Question

A group of campers and one group leader left a campsite in a canoe traveling at a steady 8 km/h. One hour later, the other group leader left left the campsite in a motorboat with the supplies. The motorboat followed the canoe at a steady 20 km/h. How long after the canoe left the campsite did the motorboat overtake it. Show all the work..

A. 2 1/2 h
B. 1 2/3 h
C. 3/4 h
D. 2/5 h

Answer 1

B. 1 2/3 h

Explanation:

Let t represent the time since the canoe left the campsite. The distance it covers is ...

distance = rate · time

distance = 8t

The time the motorboat travels is t-1 (1 hour less time than the canoe).
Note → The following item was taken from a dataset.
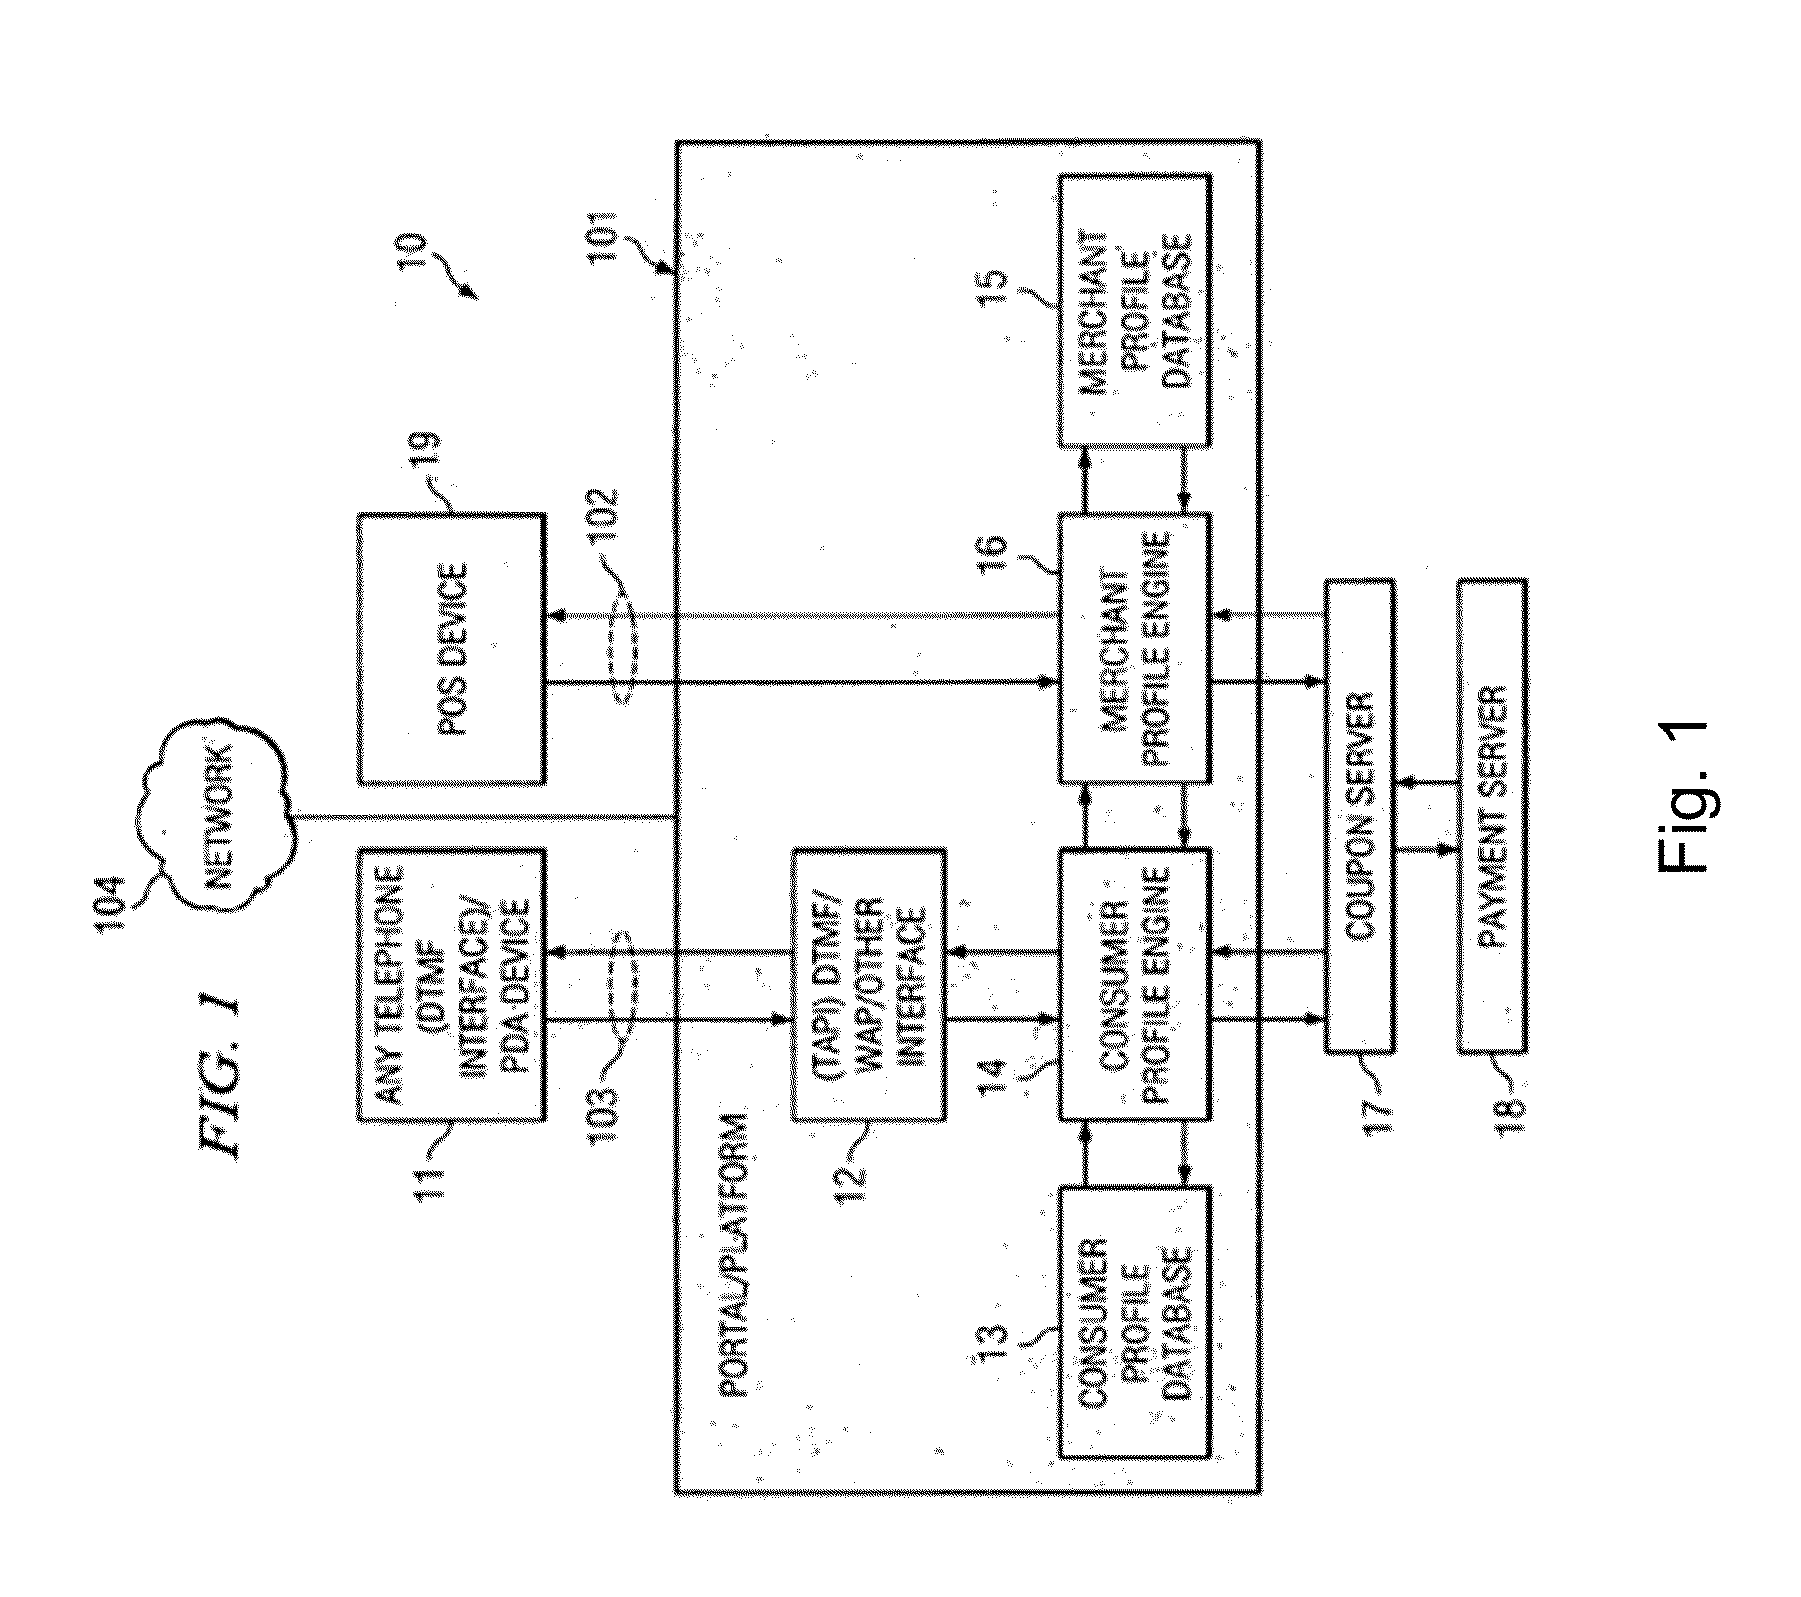 System and method of a media delivery services platform for targeting consumers in real time

The distance it covers is ...

distance = 20(t -1)

The two distances are equal at the time of interest, so we have ...

20(t -1) = 8t

20t -20 = 8t . . . . . eliminate parentheses

12t = 20 . . . . . . . . . add 20-8t to both sides

t = 20/12 = 5/3 = 1 2/3 . . . . hours after the canoe left

The motorboat overtakes the canoe 1 2/3 hours after the canoe left.

_____

Additional comment

The domain of the motorboat's distance function is t ≥ 1. It doesn't start moving until after the canoe has been gone for an hour.

The time after the motorboat starts is 2/3 hour. That is the time it takes to cover the initial difference in distance at a speed that is the difference in speeds: 8 km/(12 km/h) = 2/3 h. This problem asks for the time since the canoe started, so we need to add an hour to that.